◆ Exercise instructions
Give back all of the data exactly as it stands, with the pictures removed.

◆ Dataset content
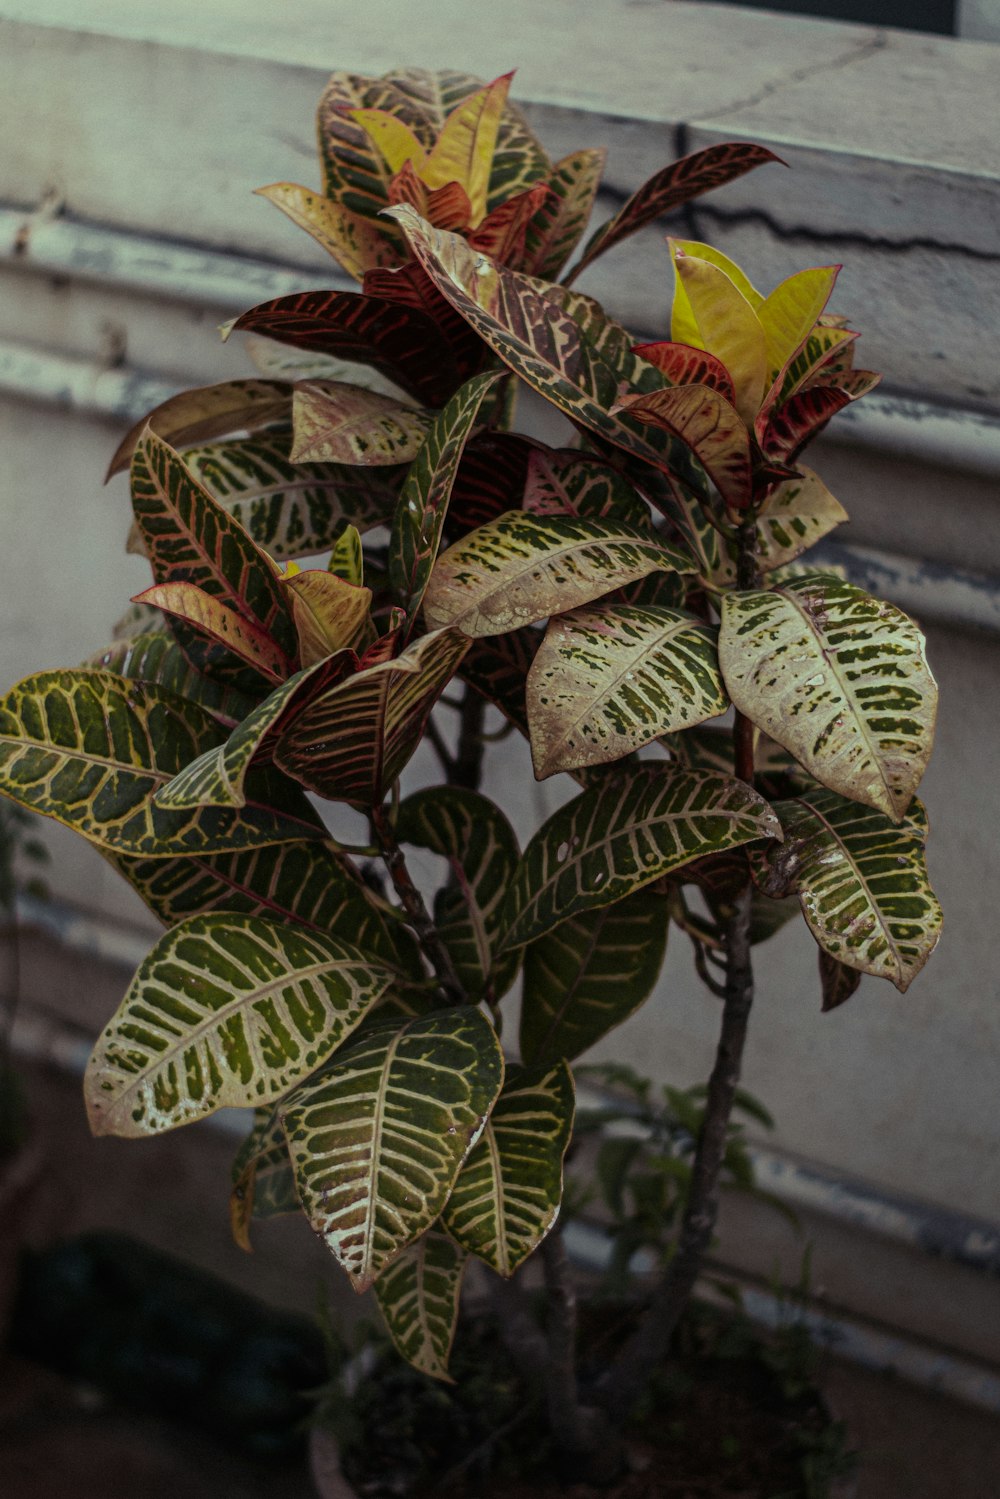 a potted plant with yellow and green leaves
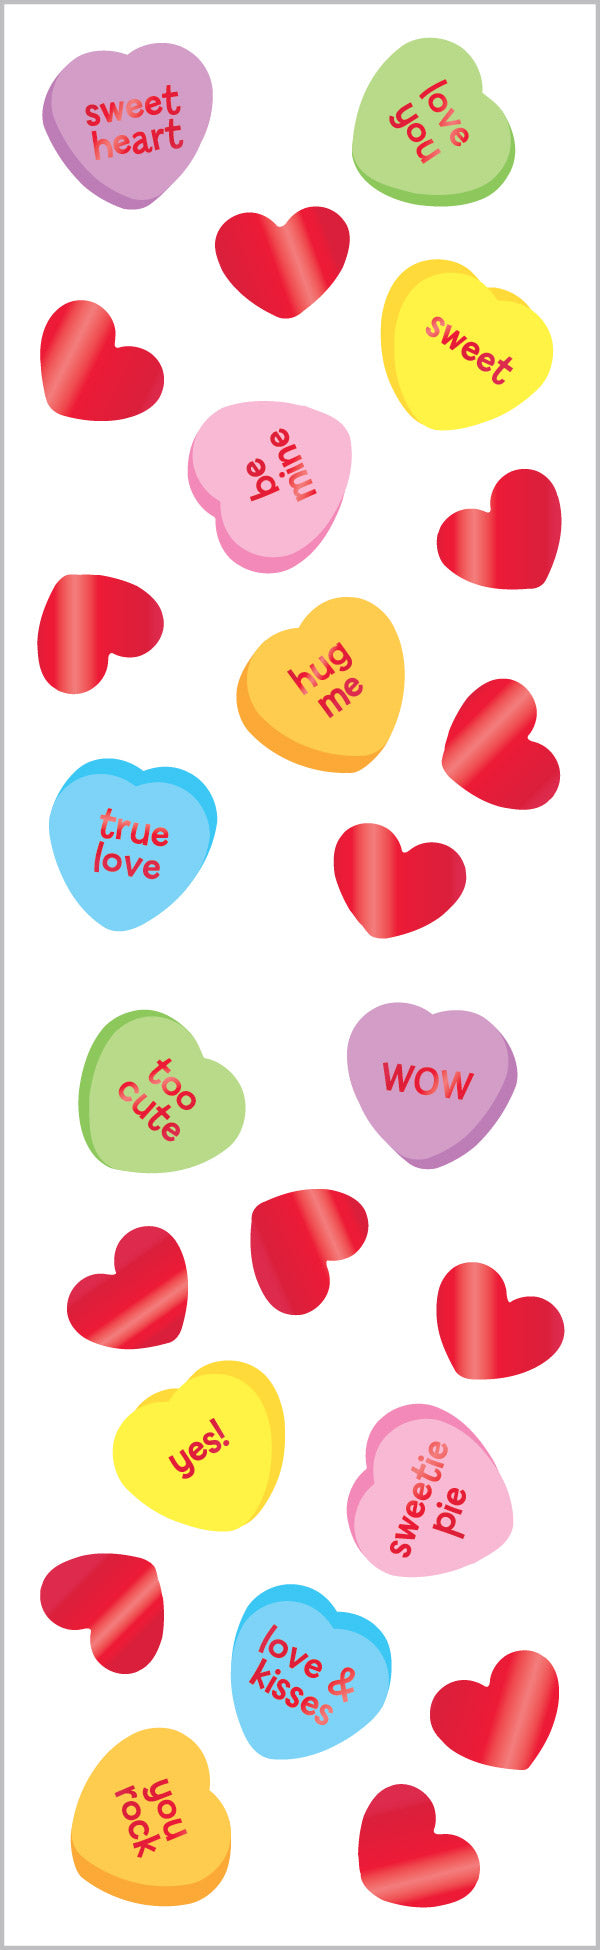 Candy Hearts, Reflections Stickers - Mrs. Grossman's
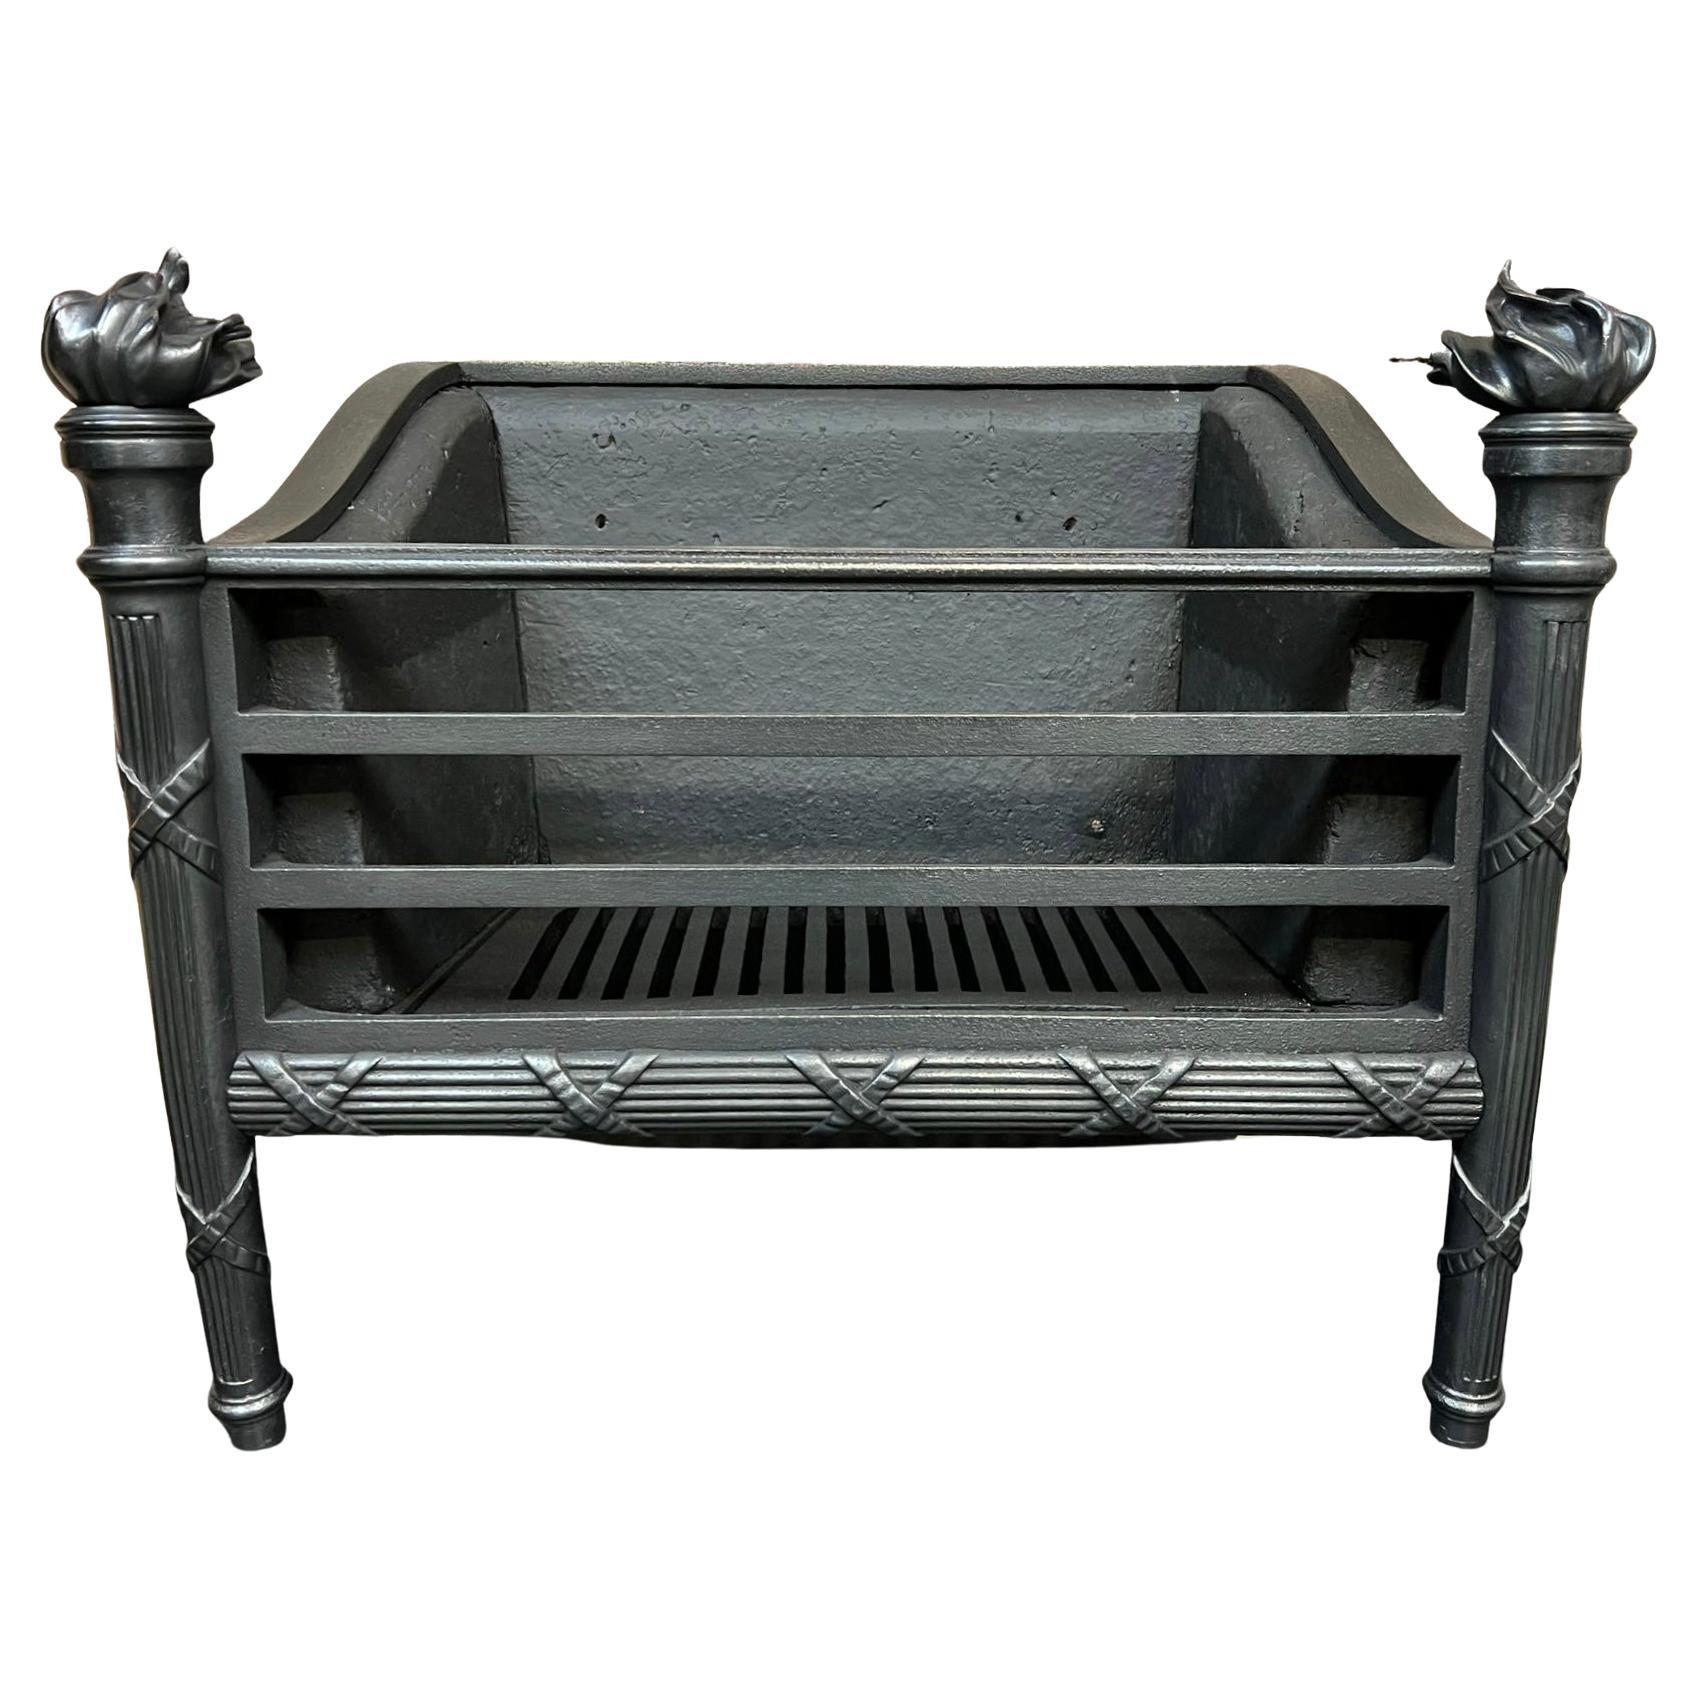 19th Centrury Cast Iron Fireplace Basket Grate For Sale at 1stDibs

◆ Exercise output
 a potted plant with yellow and green leaves
 Candy Hearts, Reflections Stickers - Mrs. Grossman's
 19th Centrury Cast Iron Fireplace Basket Grate For Sale at 1stDibs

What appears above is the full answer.